- Born: Ethel Lee Wright October 13, 1906 Webster County, Mississippi, US
- Died: February 15, 1992 (aged 85)
- Known for: Embroidery
- Movement: Folk art
- Spouse: Hassan Mohamed ​(m. 1924)​

= Ethel Wright Mohamed =

American artist (1906–1992)

Ethel Wright Mohamed (October 13, 1906 – February 15, 1992) was an American artist, best known for her embroidered scenes of country life. She is sometimes compared to "Grandma Moses," both for her folk art style of illustration and her late start as an artist.

==Early life==
Ethel Lee Wright was born on a farm in Webster County, Mississippi, the eldest child of Elijah Wright and Nina Bell Ramsay Wright. She learned to embroider as a child, from her mother. As a teenager, she worked at a bakery in Shaw, Mississippi.

==Career==
Ethel Wright Mohamed returned to embroidery after she was widowed in 1965. "There is just a soothing music as the needle comes through the cloth," she told the Tuscaloosa News in 1992. She embroidered elaborate scenes based on her own memories and family life. Her colorful works found a local audience through family members, and soon they were exhibited in regional museums as folk art.

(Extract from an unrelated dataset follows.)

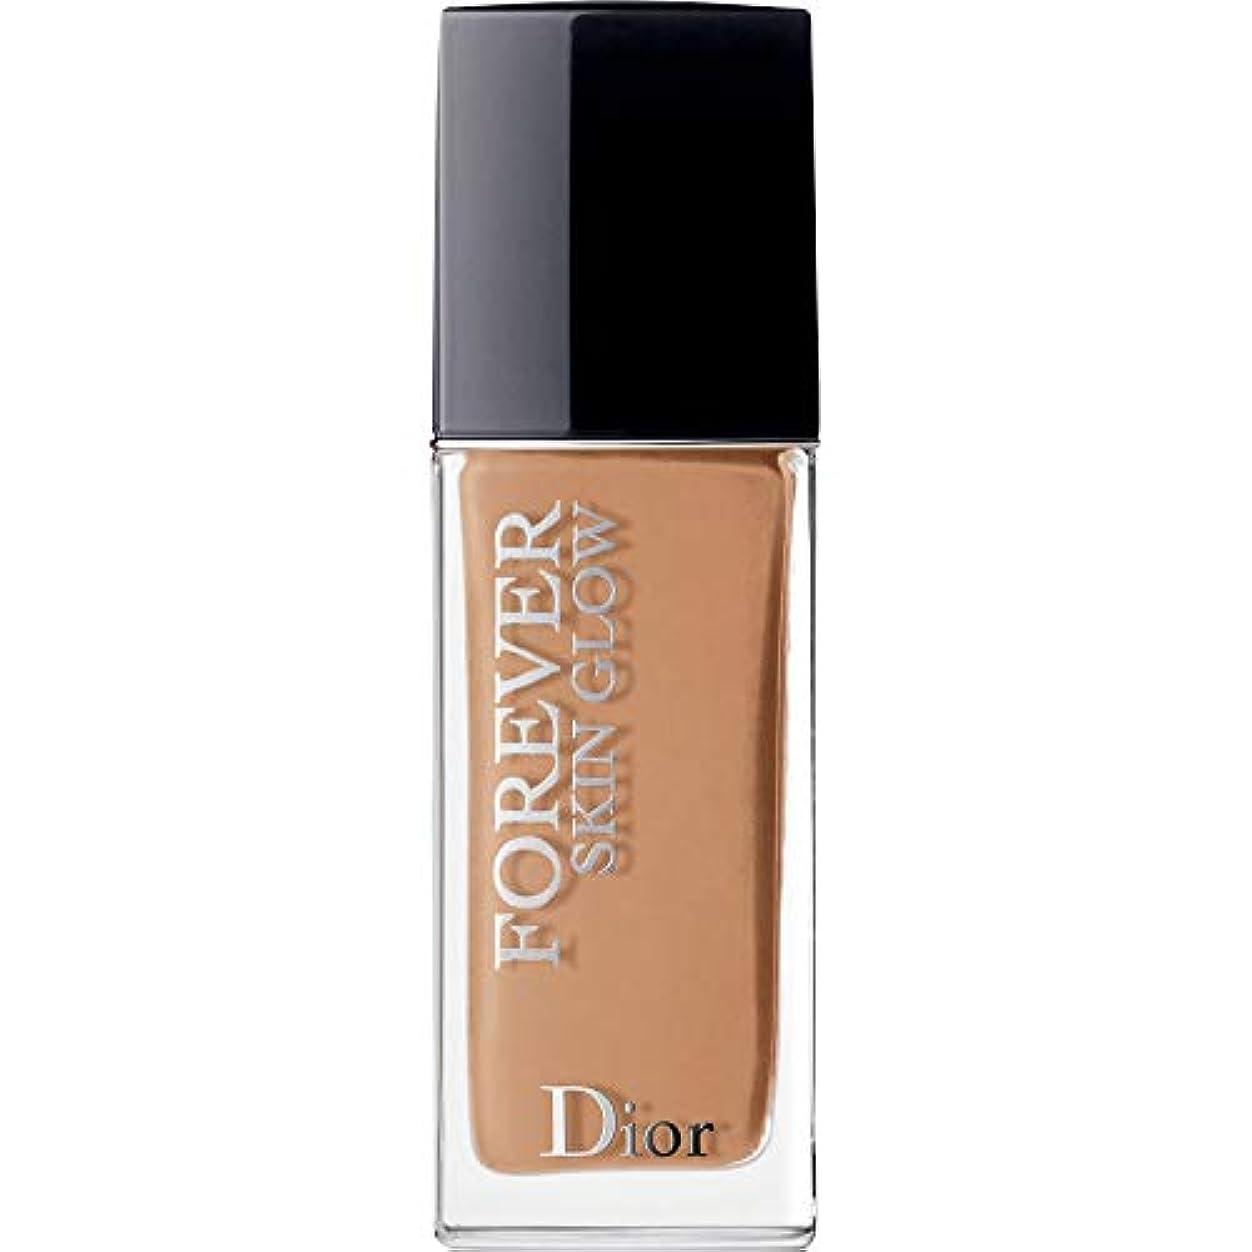 欲求不満彼らのもの限られた[Dior ] ディオール永遠肌の輝き肌思いやりの基礎Spf35 30ミリリットルの4.5ワット - 暖かい(肌の輝き) - DIOR Forever Skin Glow Skin-Caring Foundation SPF35...

In 1974, her embroidered art was part of the Smithsonian Institution's Festival of American Folklife in Washington D.C. The next year, the Smithsonian commissioned a tapestry by Mohamed, for the Bicentennial Festival of American Folklife. From 1976 to 1977, twelve works by Mohamed were displayed at the Renwick Gallery. She embroidered a picture of the Renwick event, which is now in the Smithsonian American Art Museum.

"Me at the Renwick", by Ethel Mohamed, 1978 Smithsonian American Art Museum

In 1977, director William R. Ferris featured Mohamed in the documentary film "Four Women Artists," produced by the Center for Southern Folklore, as one of the four Mississippi women in the title, along with writer Eudora Welty, quilter Pecolia Warner, and painter Theora Hamblett.

Mohamed donated original works to charities and museums, including the American Heart Association and the University of Mississippi Medical Center. She was honored with a Mississippi Governor's Lifetime Achievement Award for Excellence in the Arts in 1991.

==Personal life and legacy==
Ethel Wright married Lebanese-born salesman Hassan Mohamed in 1924. They had eight children, the oldest of whom was Ollie Mohamed, who would later become a Mississippi state senator. The family lived most of their lives in Belzoni, Mississippi, where they operated the H. Mohamed Store. Ethel ran the store after Hassan's passing and until 1980, when a grandson took over. She died in 1992 at age 85.

== Legacy ==
The Ethel Wright Mohamed Stitchery Museum is open to the public in Mohamed's former home, with her youngest daughter Carol Mohamed Ivy as curator. In 2007, a show of Mohamed's work was mounted at the Lauren Rogers Museum of Art in Laurel, Mississippi.